In many countries, wind is the prominent source of new energy and has become the beneficiary to develop their economies with different energy conversion machines such as the double fed induction generator (DFIG) [1,2,3,4,5]. The increase in the number of energy converters and their sizes demanded by industry opens up the way to build new burning designs and protection schemes [6,7,8,9,10]. Modern wind energy conversion systems (WECSs) rely on doubly fed induction generators (DFIGs) in order to fulfil the energy demands efficiently [11,12]. The industry users and researchers have observed multiple benefits of this kind of machine, such as better control competency, low maintenance and inverter cost, robustness, and a comparatively higher power-size.

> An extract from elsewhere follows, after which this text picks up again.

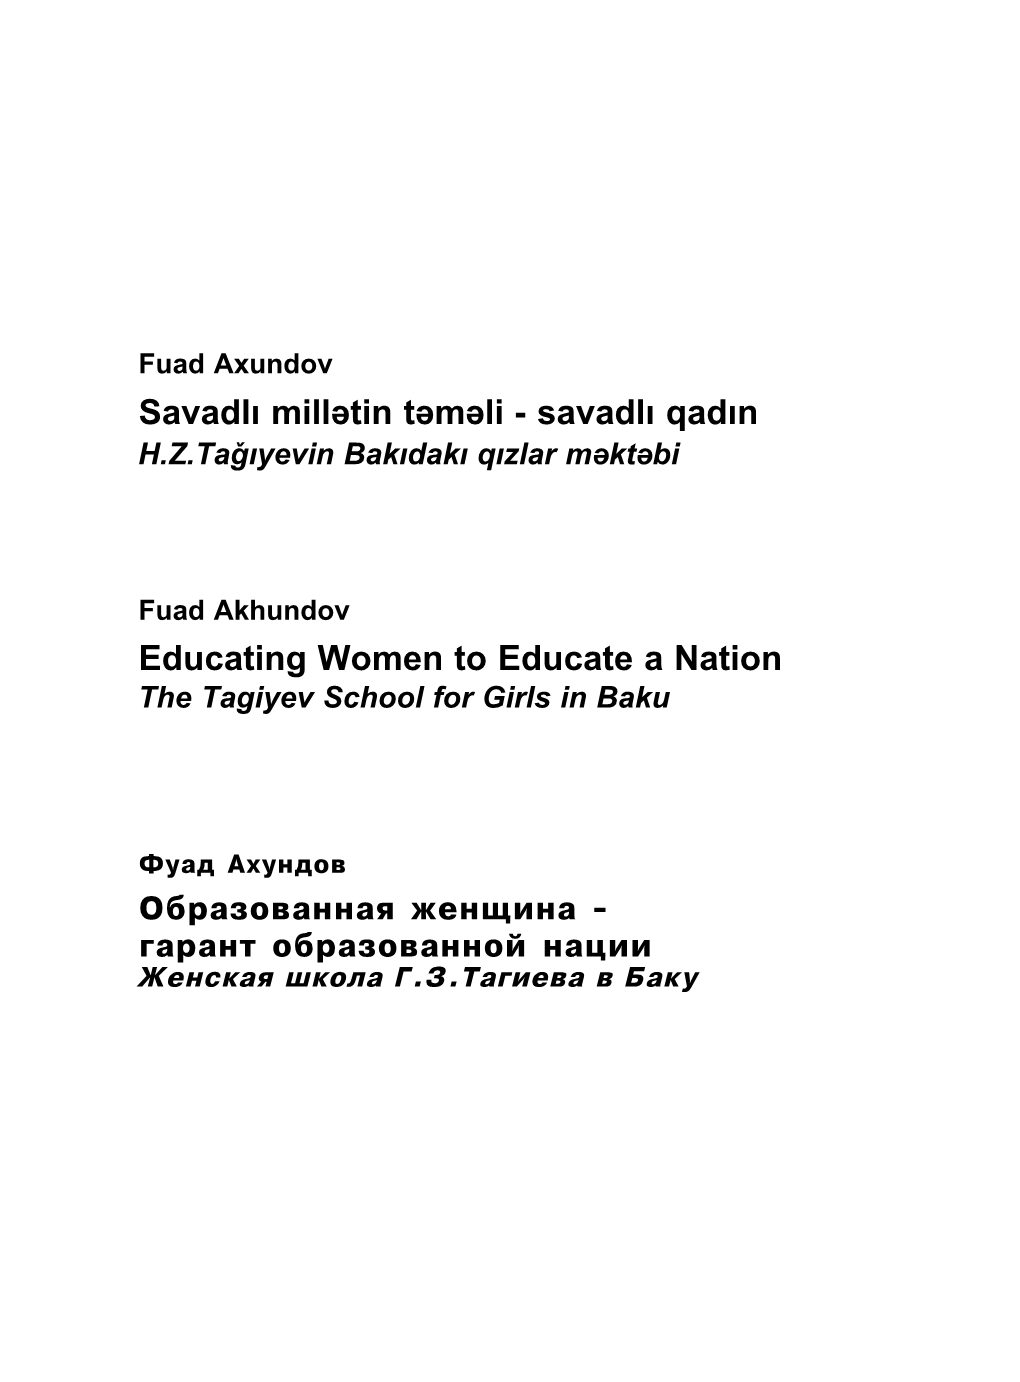 Савадлы Гадын Educating Women to Educate a Nation Образован
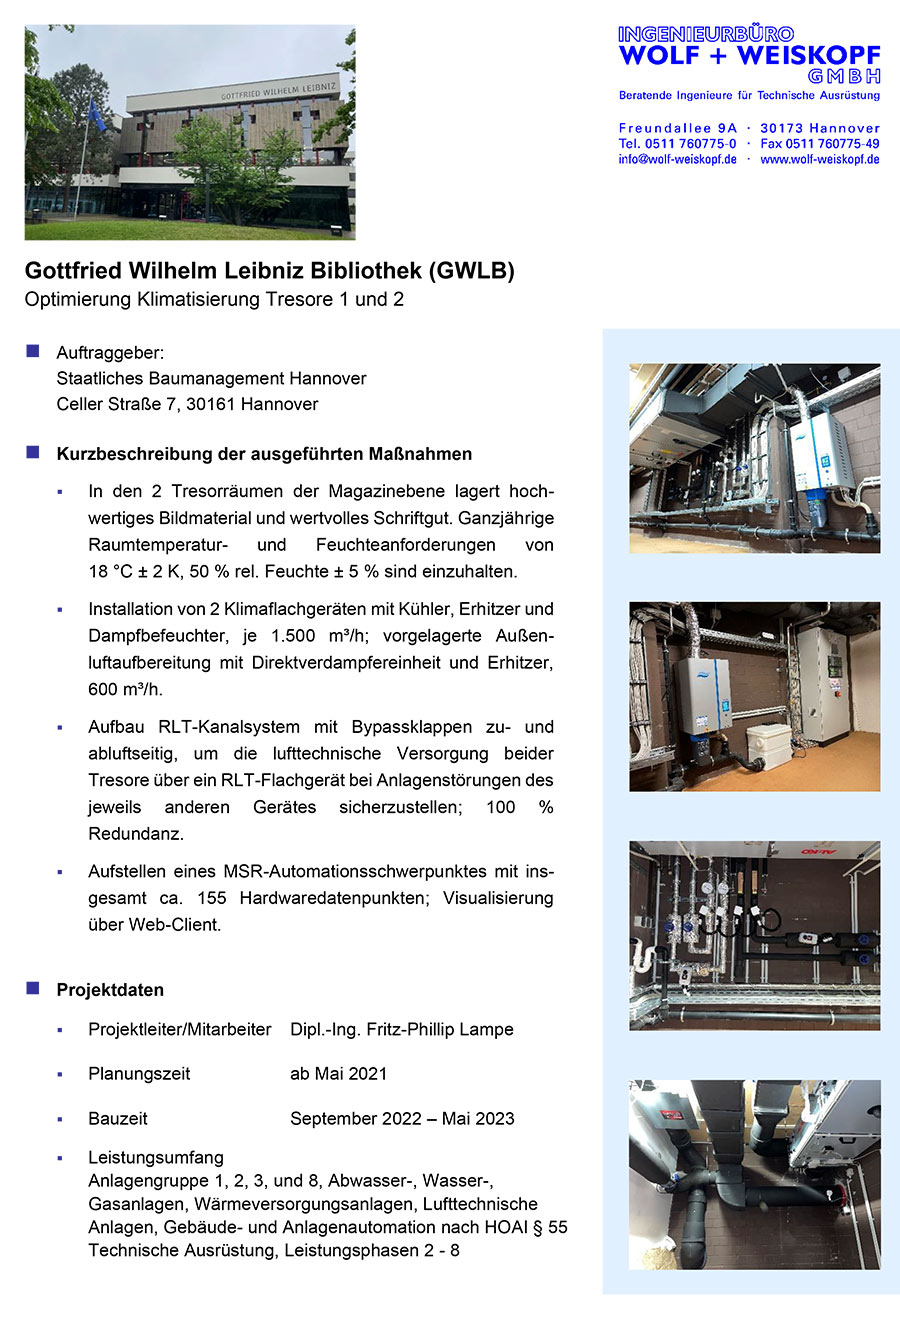 Gottfried Wilhelm Leibniz Bibliothek Projektdatenblatt - Ingenieurbüro Wolf + Weiskopf GmbH

In the concept of DFIG wind turbines, the rotor is linked to the grid through a moderately rated frequency converter, while the stator of the generator is directly coupled to the power grid [10]. The size and costs of the power electronic components are comparatively smaller than full-power converters, as the deployment of DFIGs in wind turbines has been the preferred choice. However, the concept to the network voltage dips response is observed to be challenging. The wind generation penetration has gained a remarkable level in a number of areas. The wind turbines in such zones are not certified to operate independently from the main power network. The power network stability may be threatened if wind turbines are cut off as a result of a voltage dip or wind speed variations [13]. The main operating system requires grid codes that maintain the wind turbines to be capable of tolerating during deep voltage dips. This situation is considered as fault-tolerant control in power grid operation [9,14]. Furthermore, in order to support the grid voltage, the grid codes required that wind turbines must be able to penetrate reactive power to the power network under the voltage dip condition [15]. The wind turbine units under grid disturbances are considered as the fault ride-through (FRT), and the ability to overcome these undesirable conditions is referred to as the FRT capability of the power grid [13].

The short-circuit faults (balanced and unbalanced) [12,16], speed sensors faults [17], DC voltage overshoot faults [10,18], and grid faults and actuator faults [9,19,20,21,22] are subjected to the DFIG. Multiple kinds of techniques [9,23,24] are applied and analyzed to overcome these thresholds and voltage overshoot faults [25,26]. If a balanced or an unbalanced voltage overshoot fault occurs in the DFIG power system, the system will depreciate the performance, and this influence may lead to the unscheduled shutdown of the power system and disconnection to the power grid. Therefore, DC voltage overshoot fault-tolerant control (DC-FTC) has been gaining increasing attention in the development of the reliability of the DFIG system. Fault current limiting approaches are one of the techniques utilized to limit the current level and protect the back-to-back converter switchings from over-current damage [27]. To reach this goal, DFIGs’ active power output must be controlled within the limit of the operating conditions using a maximum power point tracking (MPPT) controller [10,28]. In the literature, FTC-based strategies on different control schemes have been recommended numerous times, including linear-quadratic, pseudo-inverse fuzzy logic, electromechanical faults, intelligent control FTC based on proportional internal control, dynamic inversion, command governor, neural network, and variable structure control, as well as methods based on the combination of different approaches [29,30]. It is widely used in multiple power generations systems including wind turbines with rotor speed sensor and pitch angle sensor faults [3]. These stratagems focus on the characteristics of multiple power systems including wind turbine systems. Meanwhile, in the dynamics of DFIG and the combination of DC voltage overshoots, pitch angle control (PAC) and MPPT strategies to control the faults are not considered. The authors of [10] investigated the DC voltage overshoots of DFIG based wind turbines. In short-circuit conditions, the overshoot of DC voltage leads to the disconnectivity of the grid as well as converter instability. To overcome these DC voltage overshoots, special measurement and standard limits to control these DC voltage overshoots and contravene of grid operation are still needed. An understanding between power engineers and wind industry developers is the preliminary requirement for an efficient wind energy system.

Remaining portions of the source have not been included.